Au cœur de ces préoccupations, se retrouvent en bonne place, la situation sociopolitique du pays, l’organisation des élections couplées, législatives et régionales et la situation des détenus politiques.
Le contexte politique tendu, marqué par l’adoption d’une nouvelle constitution et la tenue d’élections législatives et régionales le 29 avril prochain, soulève des interrogations quant au respect des libertés individuelles et des principes démocratiques. Des valeurs envers lesquelles, les autorités politiques se sont engagées.

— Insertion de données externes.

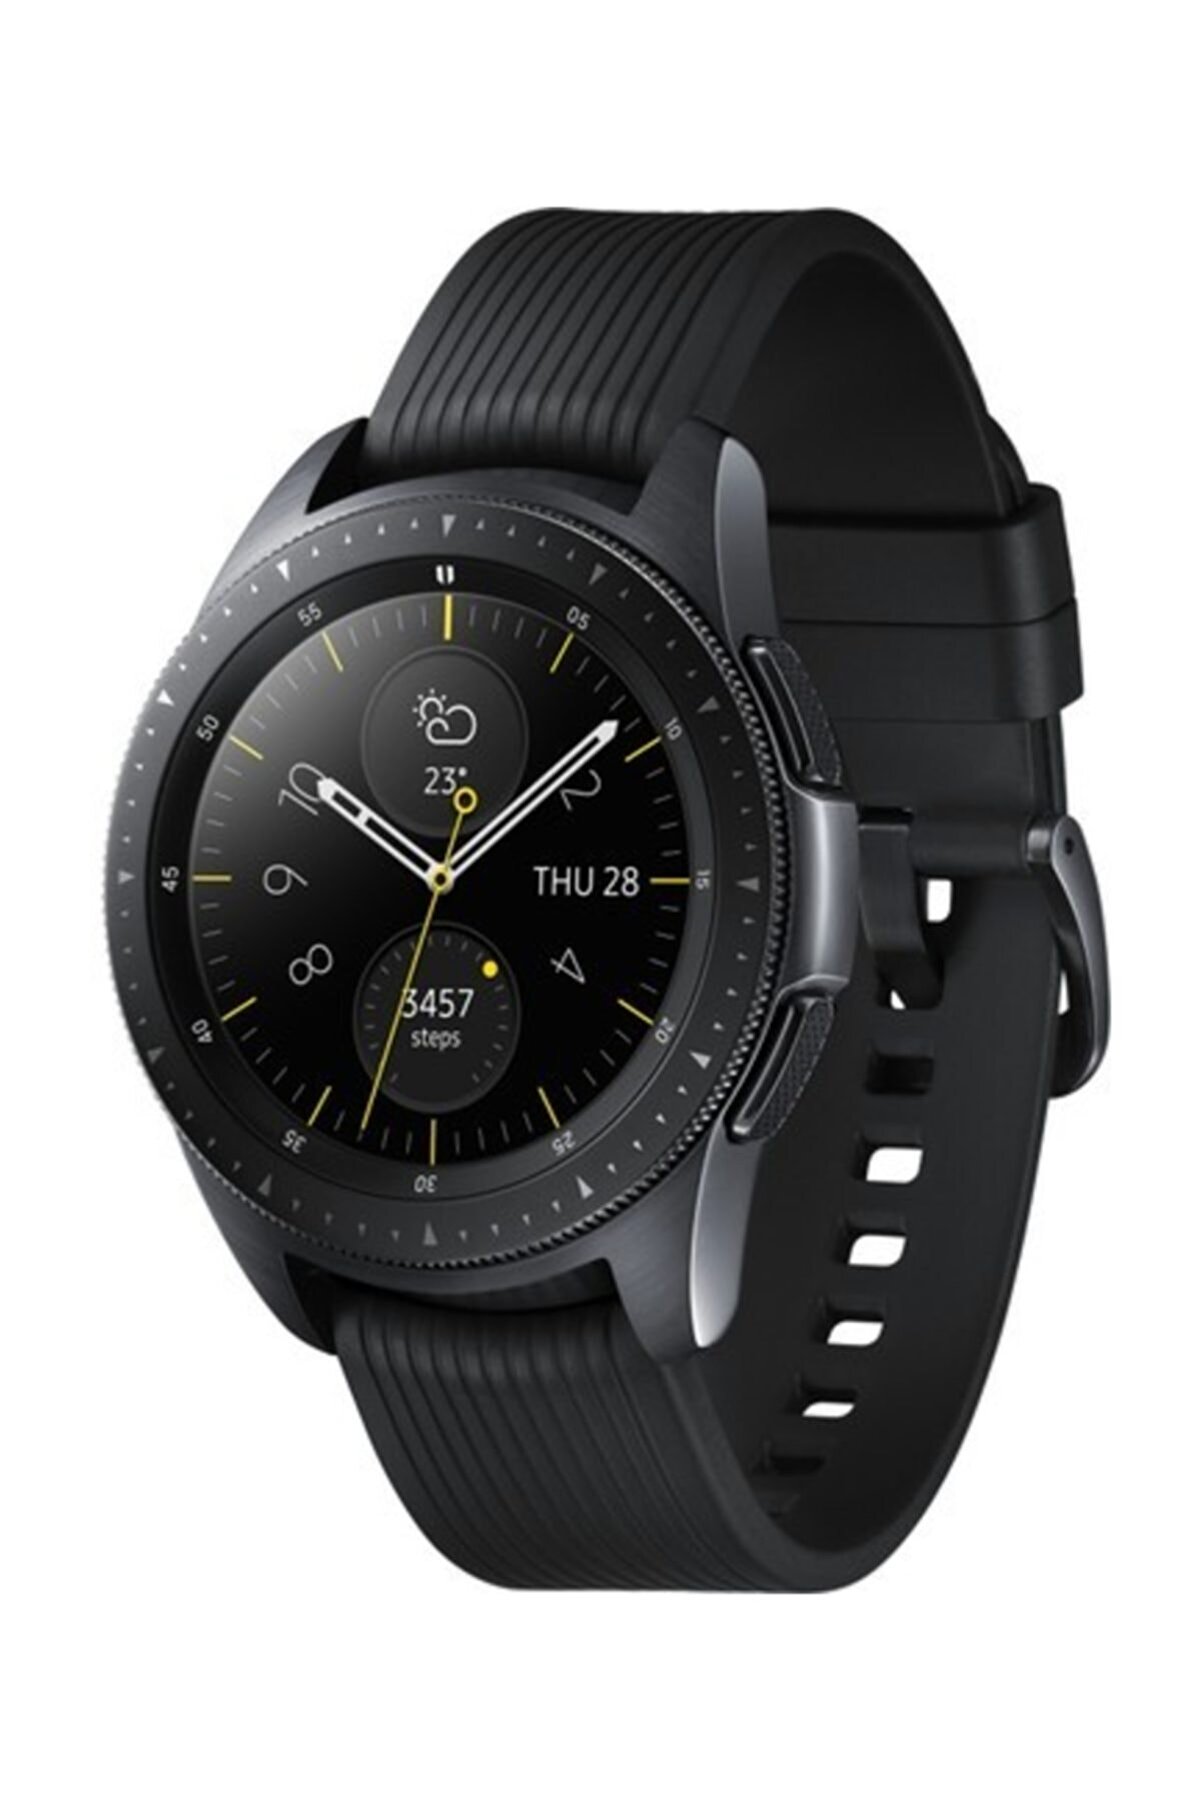 Samsung Galaxy Watch Siyah (42mm) (android Ve Iphone Uyumlu) Siyah - Sm-r810nzkatur ( Tr Garantili)

Le cas des détenus d’opinion
« Les organisations de défense des droits de l’homme estiment qu’il y a actuellement plus d’une centaine de détenus politiques au Togo, dont certains sont maintenus en détention malgré des décisions de justice en leur faveur. Parmi eux figurent des personnalités politiques et des militants du PNP impliqués dans l’affaire Tigre Révolution », défendent les familles de certains des détenus qui lancent un appel vibrant au premier des Togolais, le Président Faure Gnassingbé pour qu’il envisage la libération des détenus politiques, sans exception.
« Une telle mesure serait un geste significatif en faveur de la réconciliation nationale, de la préservation de la paix sociale et de la consolidation de l’unité nationale. Cette démarche ne serait pas sans précédent, puisque de nombreux pays ont coutume de procéder à des amnisties présidentielles lors de grandes célébrations nationales. En 2018, le président ivoirien Alassane Ouattara a ainsi amnistié près de 800 détenus, suscitant un élan de soulagement et d’espoir parmi ses concitoyens », se prennent à rêver ces personnes proches des détenus politiques qui font appel à la clémence du Chef de l’Etat en ces périodes où le Togo fait le plus appel, à la réconciliation nationale et au pardon entre ses fils.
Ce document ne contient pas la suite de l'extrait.